** WHAT YOU SHOULD DO **
Exclude images; transcribe the rest of the data exactly.

** INPUT DATA **
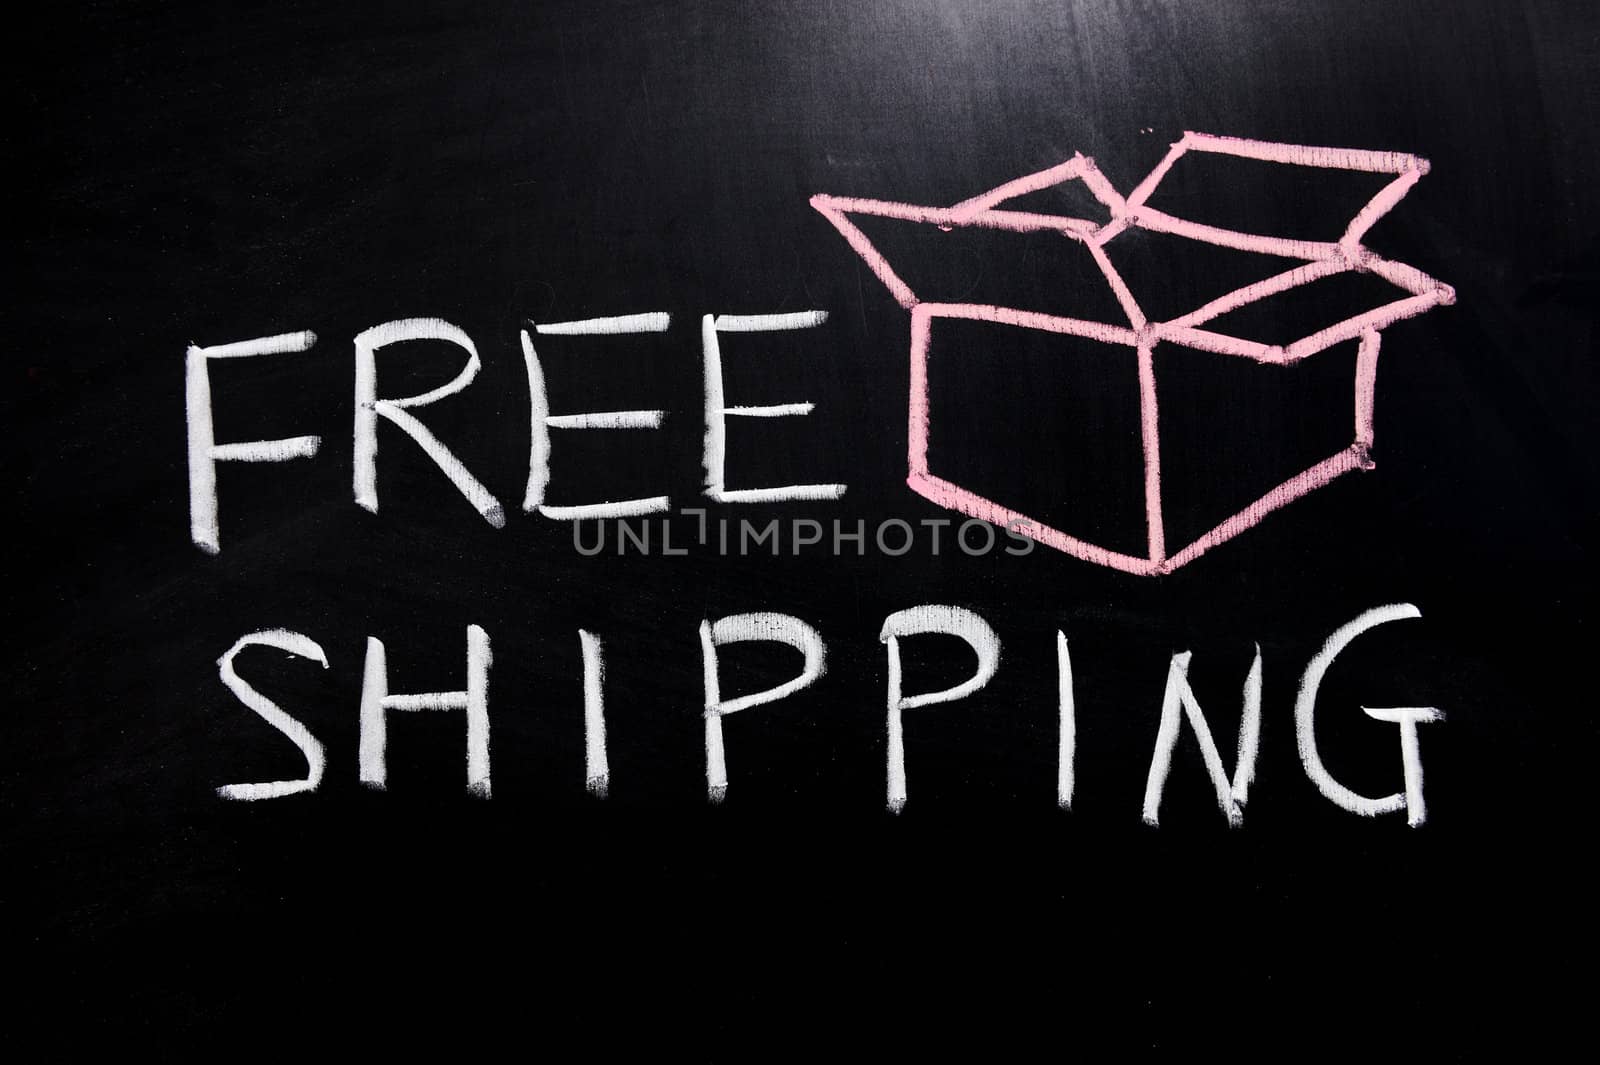 Chalk drawing - Free shipping text and an open box
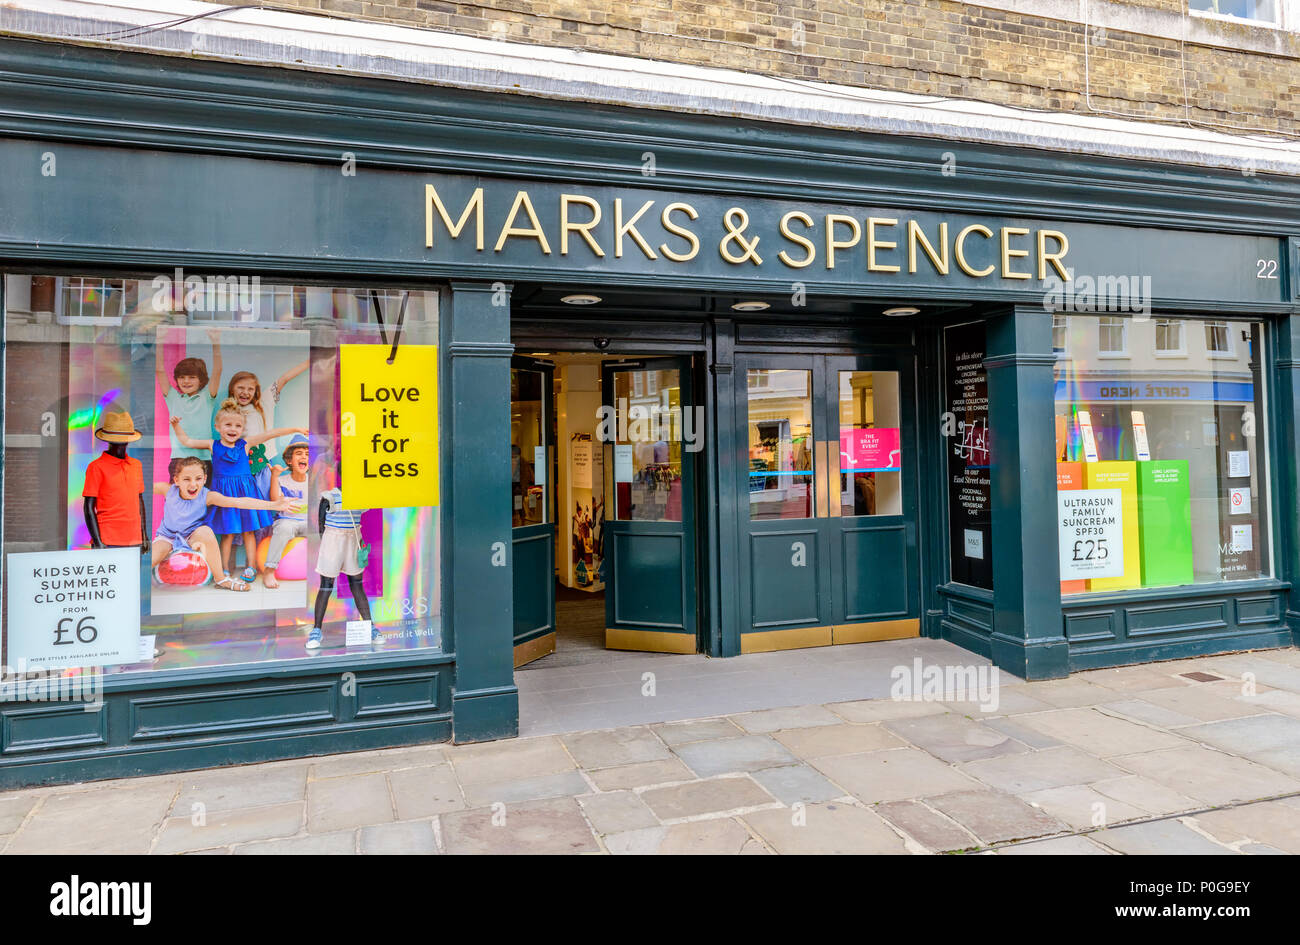 marks and spencer shop front Stock Photo - Alamy
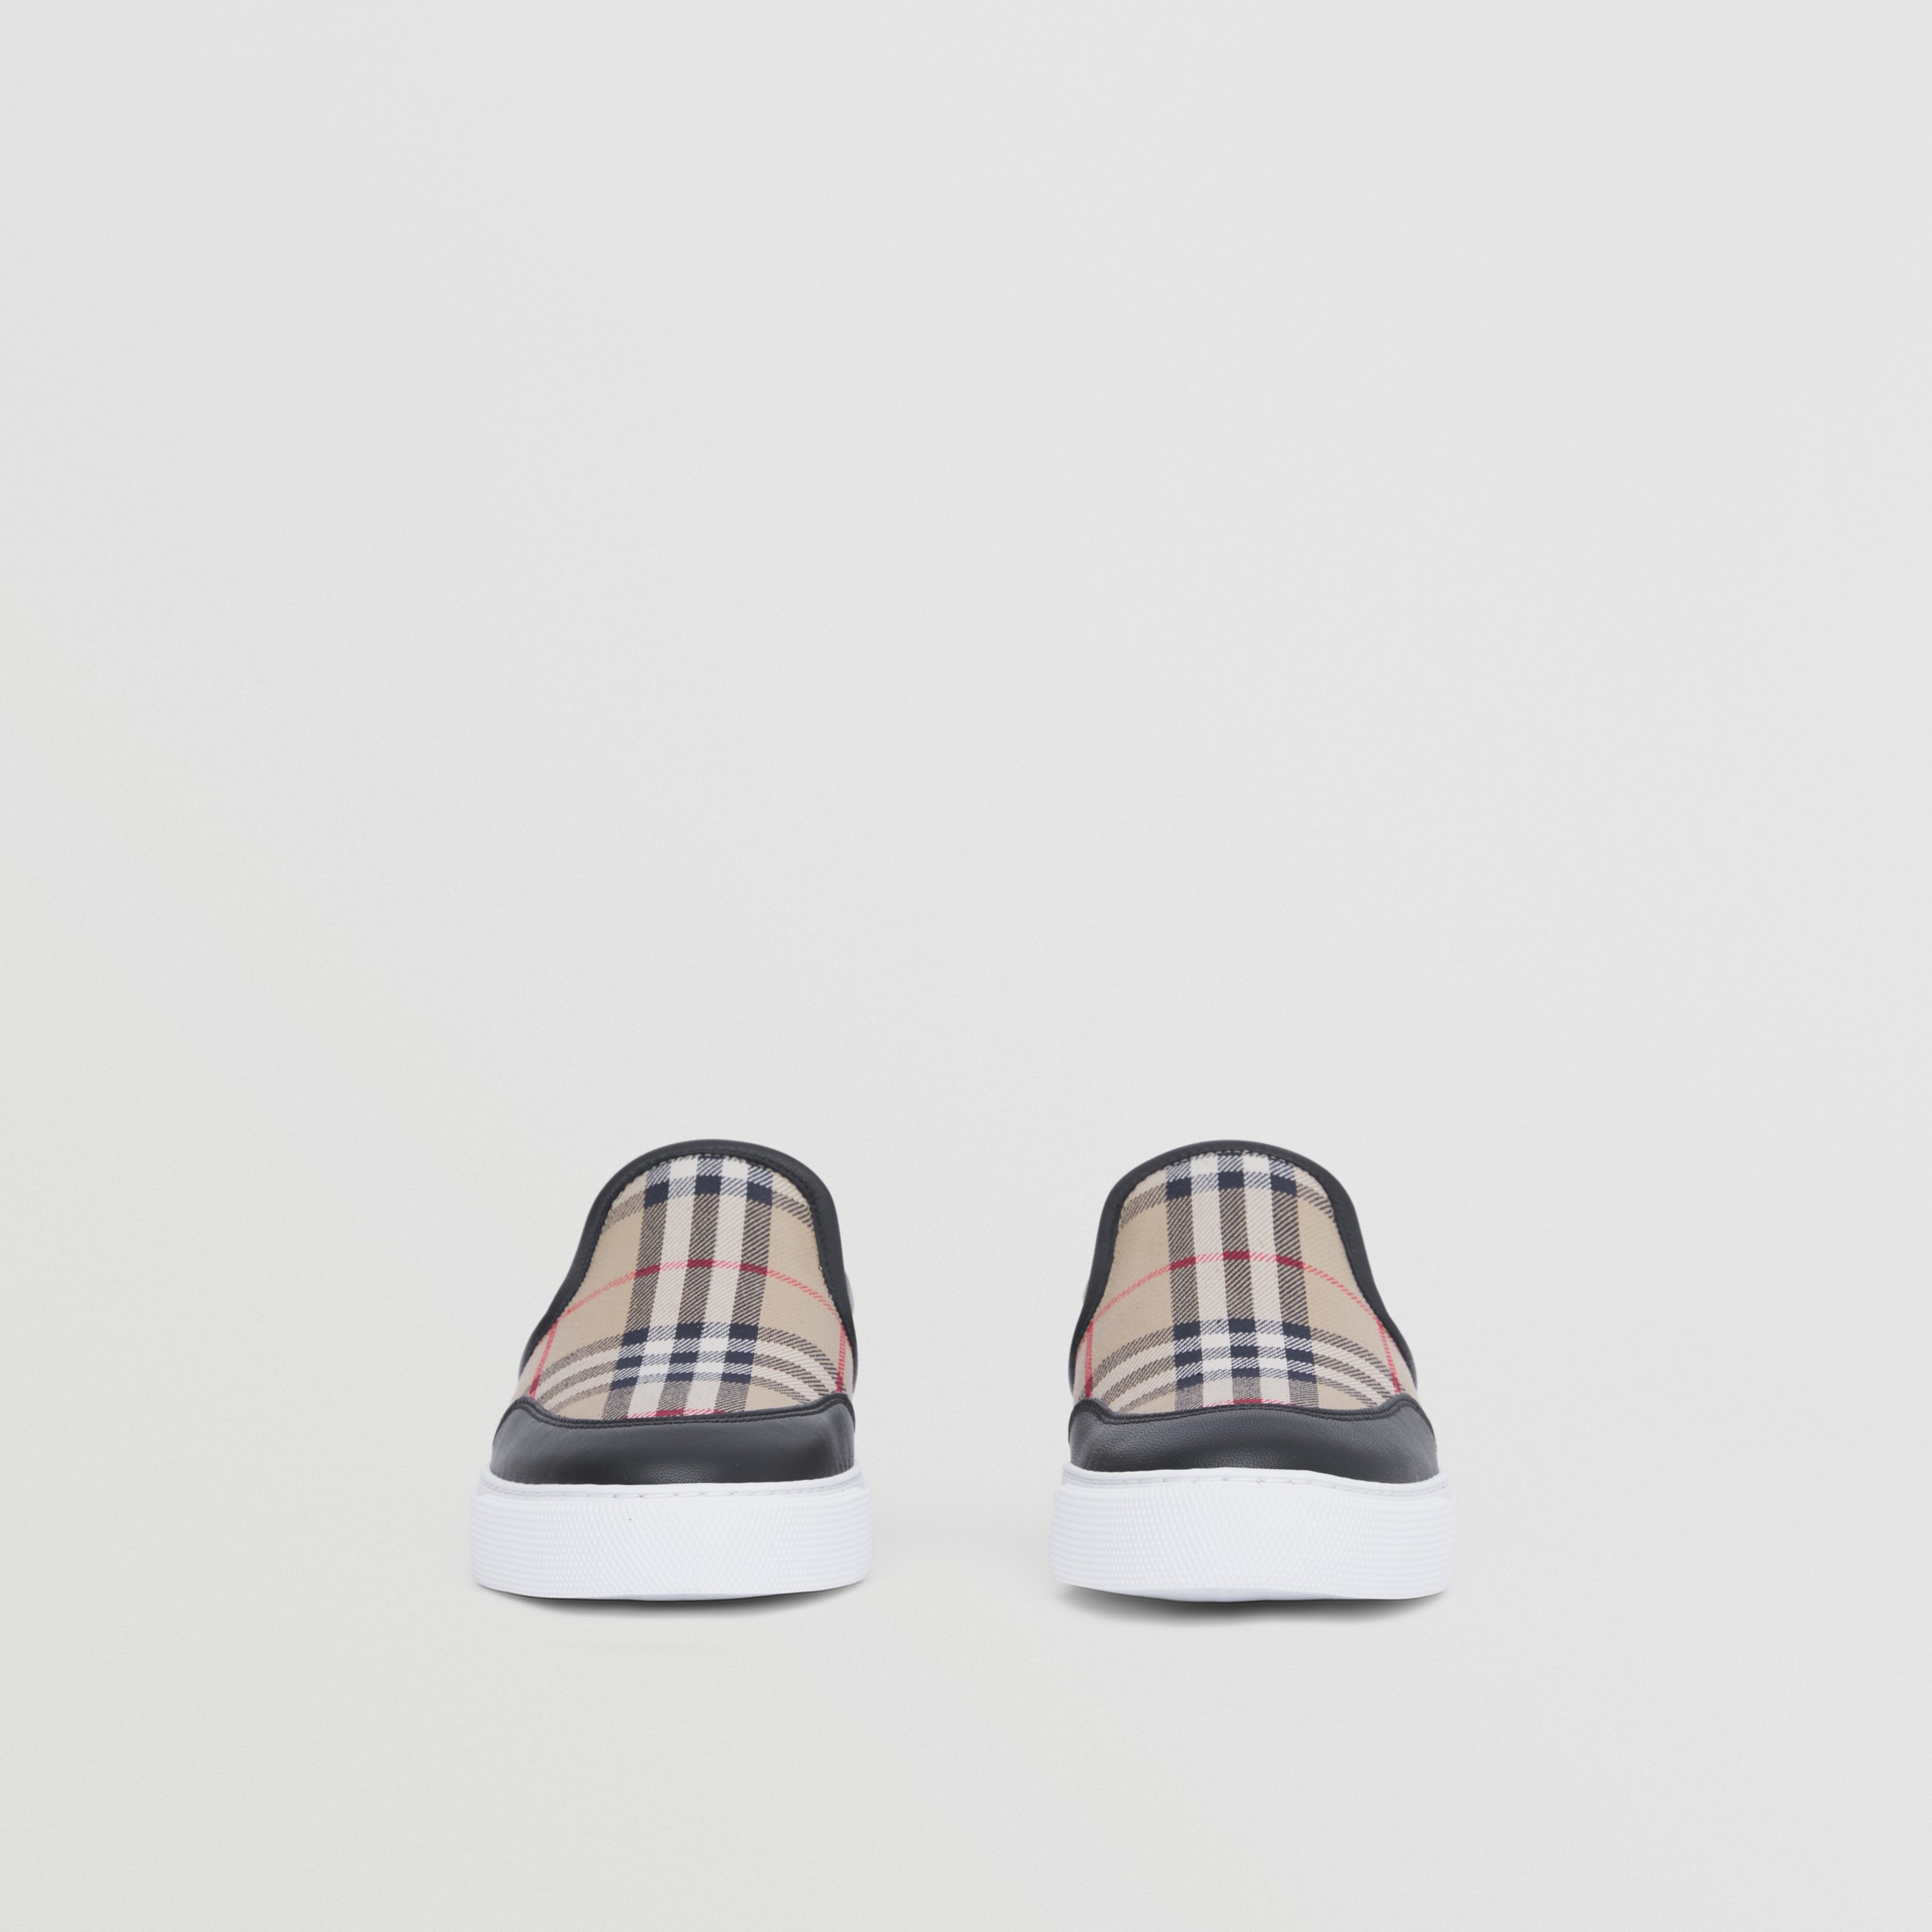 At deaktivere Landbrugs Quagmire Leather and Vintage Check Slip-on Sneakers in Black/archive Beige - Women |  Burberry

** EXERCISE ANSWER **
 Chalk drawing - Free shipping text and an open box
 marks and spencer shop front Stock Photo - Alamy
 At deaktivere Landbrugs Quagmire Leather and Vintage Check Slip-on Sneakers in Black/archive Beige - Women |  Burberry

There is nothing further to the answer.